Avalanche: No Name Peak

Observer Name
T Diegel
Observation Date
Friday, April 17, 2020
Avalanche Date
Friday, April 17, 2020
Region
Salt Lake » Little Cottonwood Canyon » White Pine » No Name Peak
Location Name or Route
White Pine - No Name/Lake Peak
Elevation
10,200'
Aspect
Northeast
Slope Angle
37°
Trigger
Skier
Trigger: additional info
Unintentionally Triggered
Avalanche Type
Soft Slab
Avalanche Problem
Wind Drifted Snow
Weak Layer
New Snow/Old Snow Interface
Depth
3'
Width
100'
Vertical
400'
Comments
Headed for Lake Peak to see what we could ski. Lake Peak is always a bit tricky to ascend from White Pine, and today - with a foot of new that came in with some wind - we decided to at least initially not try to gain the west/north ridge to go for the summit with its plethora of steep, windloaded lines but instead just go up the lower angle north side some ways and ski down; there's a nice ramp that takes you up halfway up the peak (from the flats to the top) to the bottom of the steep upper section, skinning through soft snow (ie not wind scoured) in about the same depth as blanketed the rest of the range (ie the concept of wind-transport there wasn't yelling in our face).

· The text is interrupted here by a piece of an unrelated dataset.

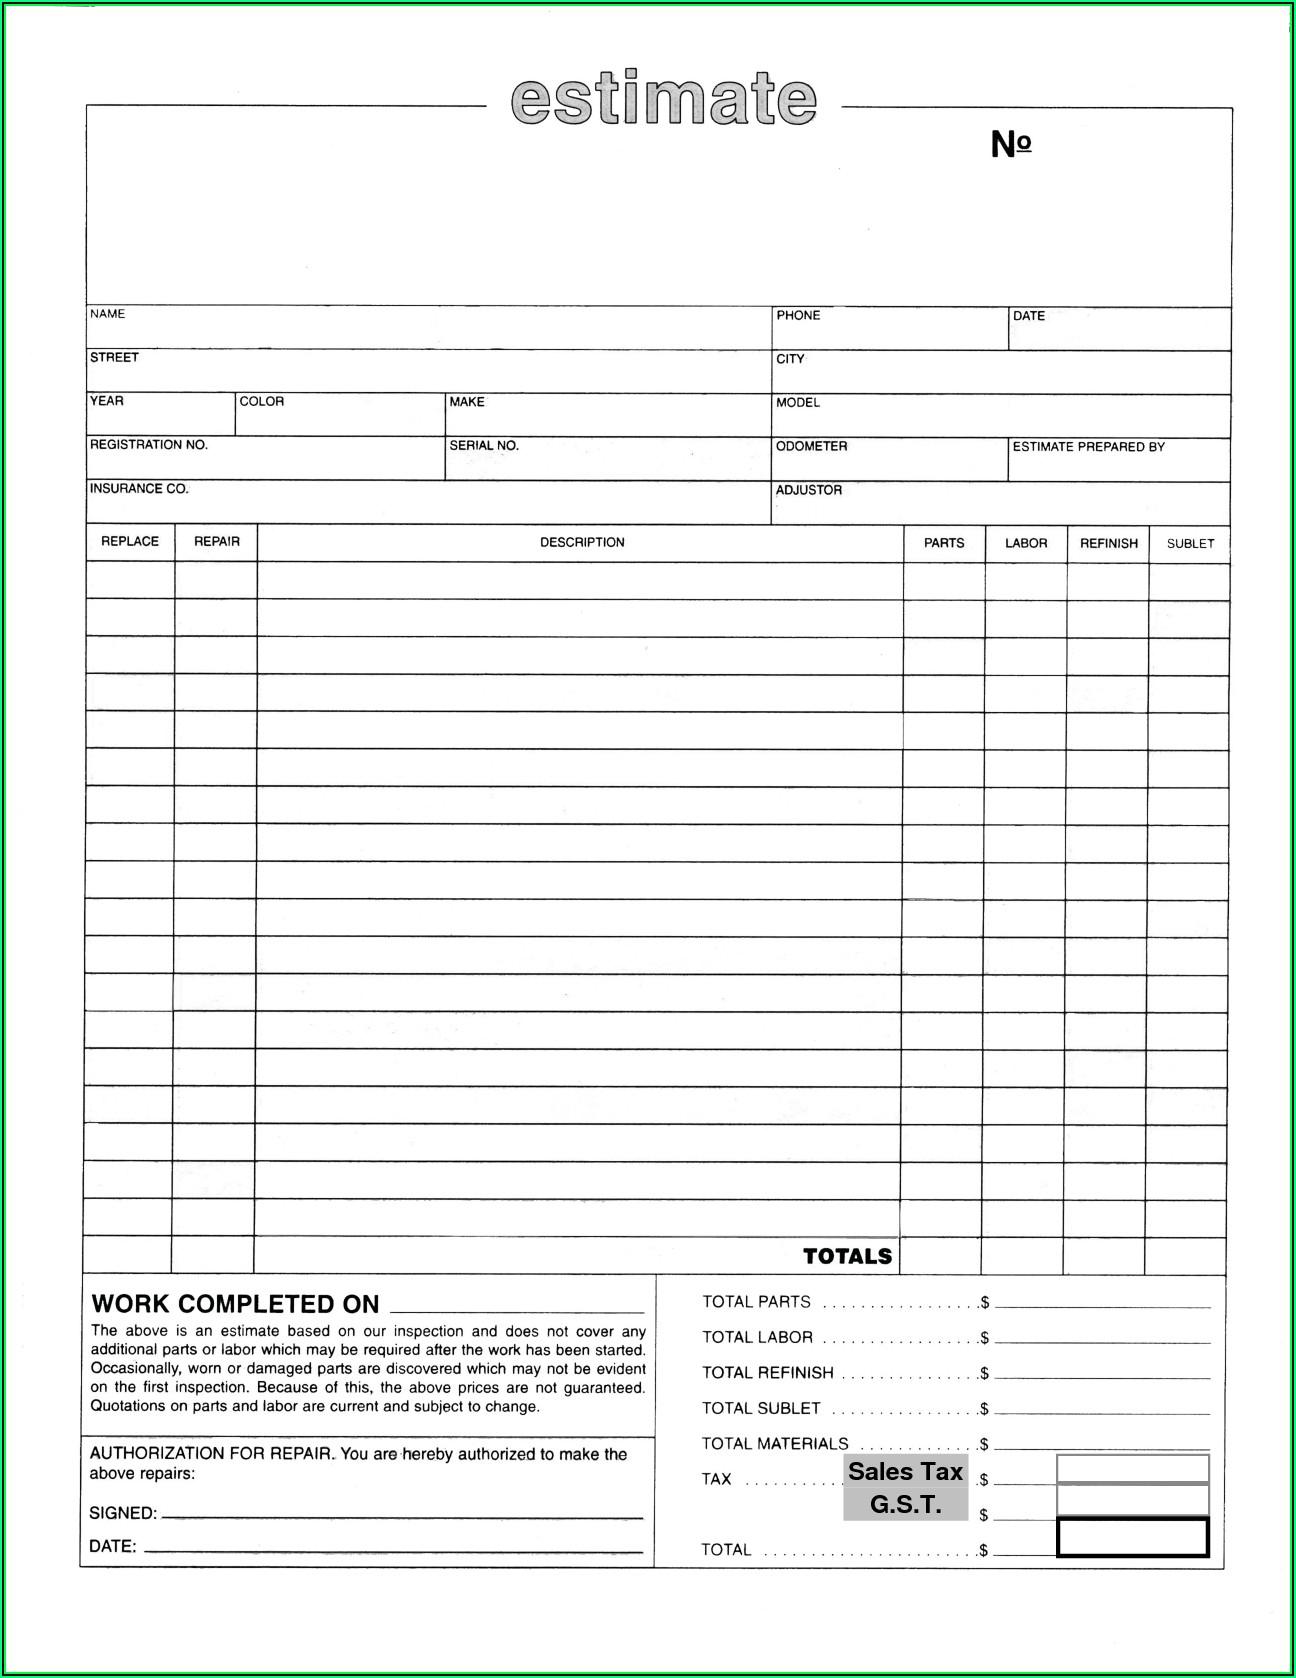 Vehicle Repair Estimate Form

We gained the small sub-ridge that splits the due north face from the NE face and looked down the bottom 400' of the NE face. We talked about the concept of it being cross-loaded, but being so low on the ridge and fairly well protected by rocks up higher we didn't think it would be "too" loaded (tho the small subridge was a little icy; we shoulda made more of a note of that). We pushed a few snowballs down and they created medium-sized sluffs, and we climbed up as high as we could on the ridge to be able to do a ski cut back over to the ridge before dropping the line; I hoped it was the sweet spot but it was lower (tho I didn't know that) but I wasn't able to cut lower safely, so I took that as good sign.
After my ski cut I dropped in and within a coupla seconds I caught a glimpse of cracking around my skis, and since the line was only 400' long ramping down to flats below I was able to just go straight down and angling off to the side of the fall line. My partner heard a loud crack as the "cornice" (relatively small at 3') broke/released and he yelled, but I didn't hear either.

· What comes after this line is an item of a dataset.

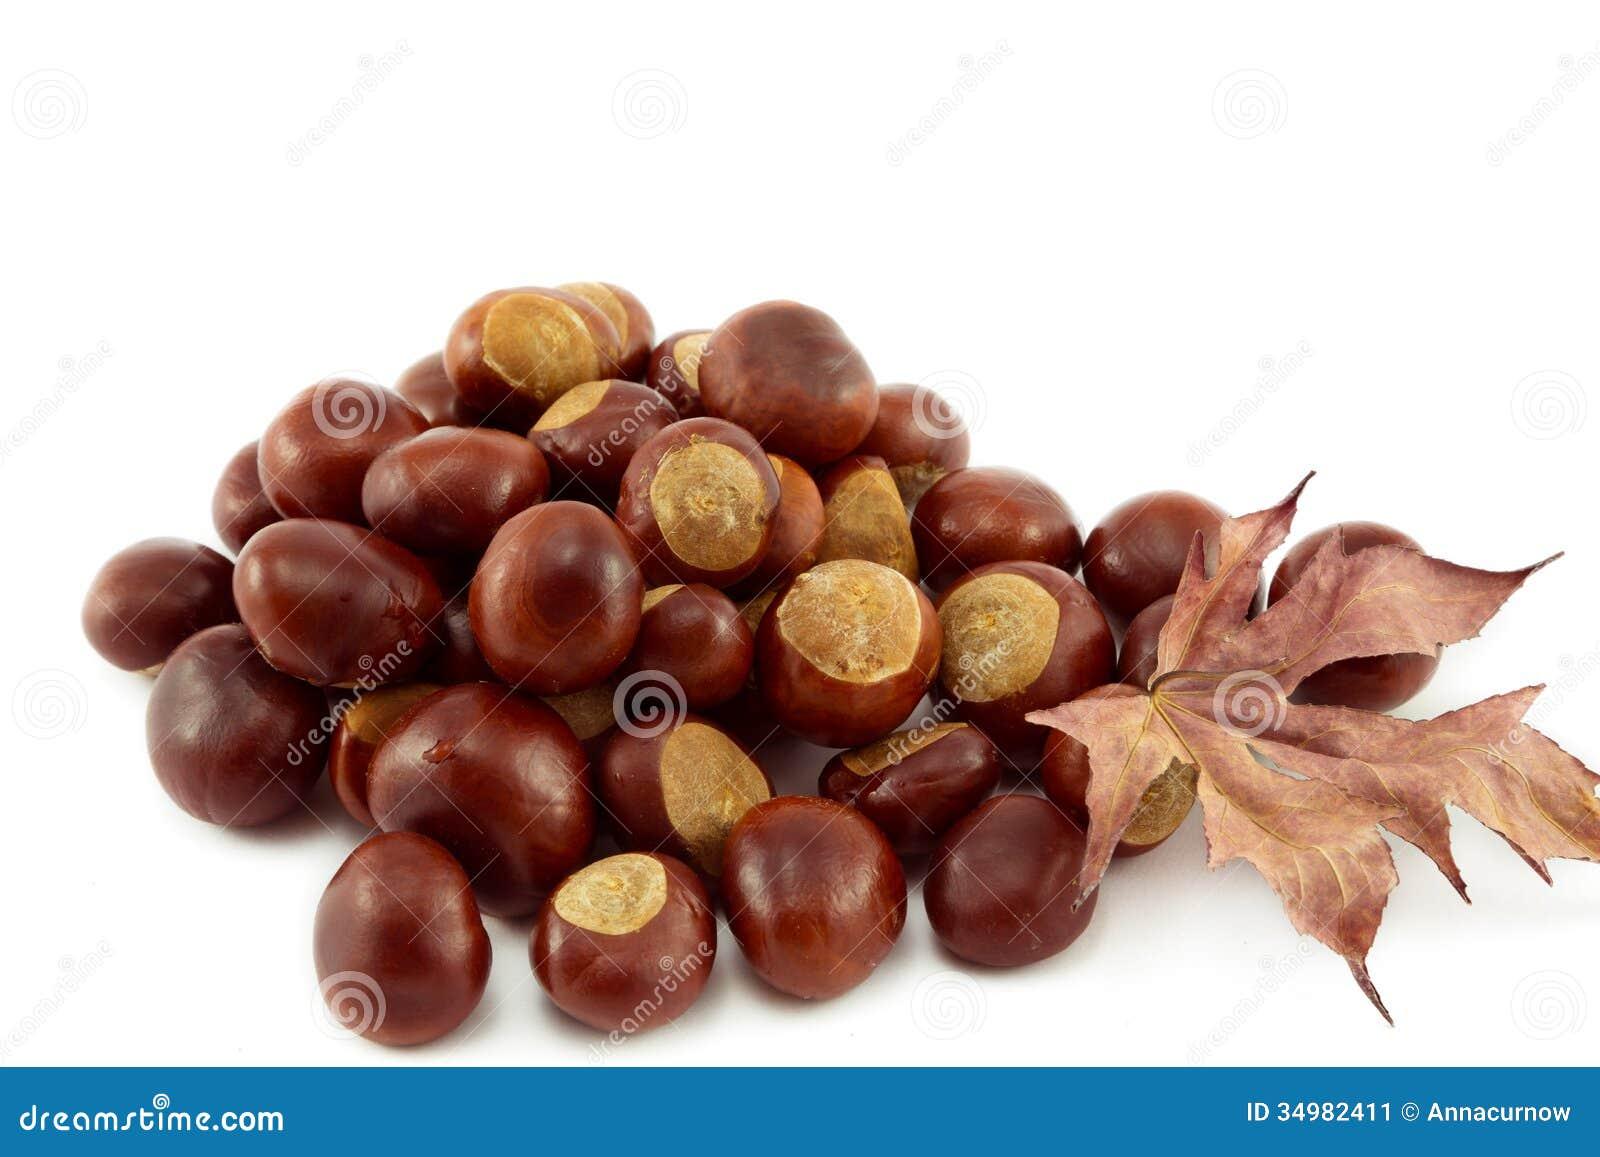 Horse chestnut stock image image 34982411 for The chestnut

The crown was 3' deep for a horizontal distance of just a few feet, and then as it angled down/to the right went gradually down to maybe only 8-10". As you can see in the photo, the debris was spread over a large area and we agreed wasn't deep enough for a burial. But big enough to get hurt/lose gear/get scared. And a good reminder that cross-loading happens well off peaks.
As observer Peter Donner likes to say: "An avalanche is a decision." We made some good decisions: don't try to assume the ridge and get exposed to the E facing steep lines to get to the ridge, don't try to ski from the potentially wind loaded, steeper peak top, use the low angle ramp to ascend, ski a less-committing lower 400 foot section with no obstacles and a long flattish runout, ski it fast with a rapid exit possibility. We made some bad decisions: underestimated the amount of cross loading, esp given the wind lip and scoured ridge, not ski cut the sweet spot, and since we couldn't ski cut it safely, then bail back over to the lower-angle north facing shot that harbored snow that was just as nice and not windloaded.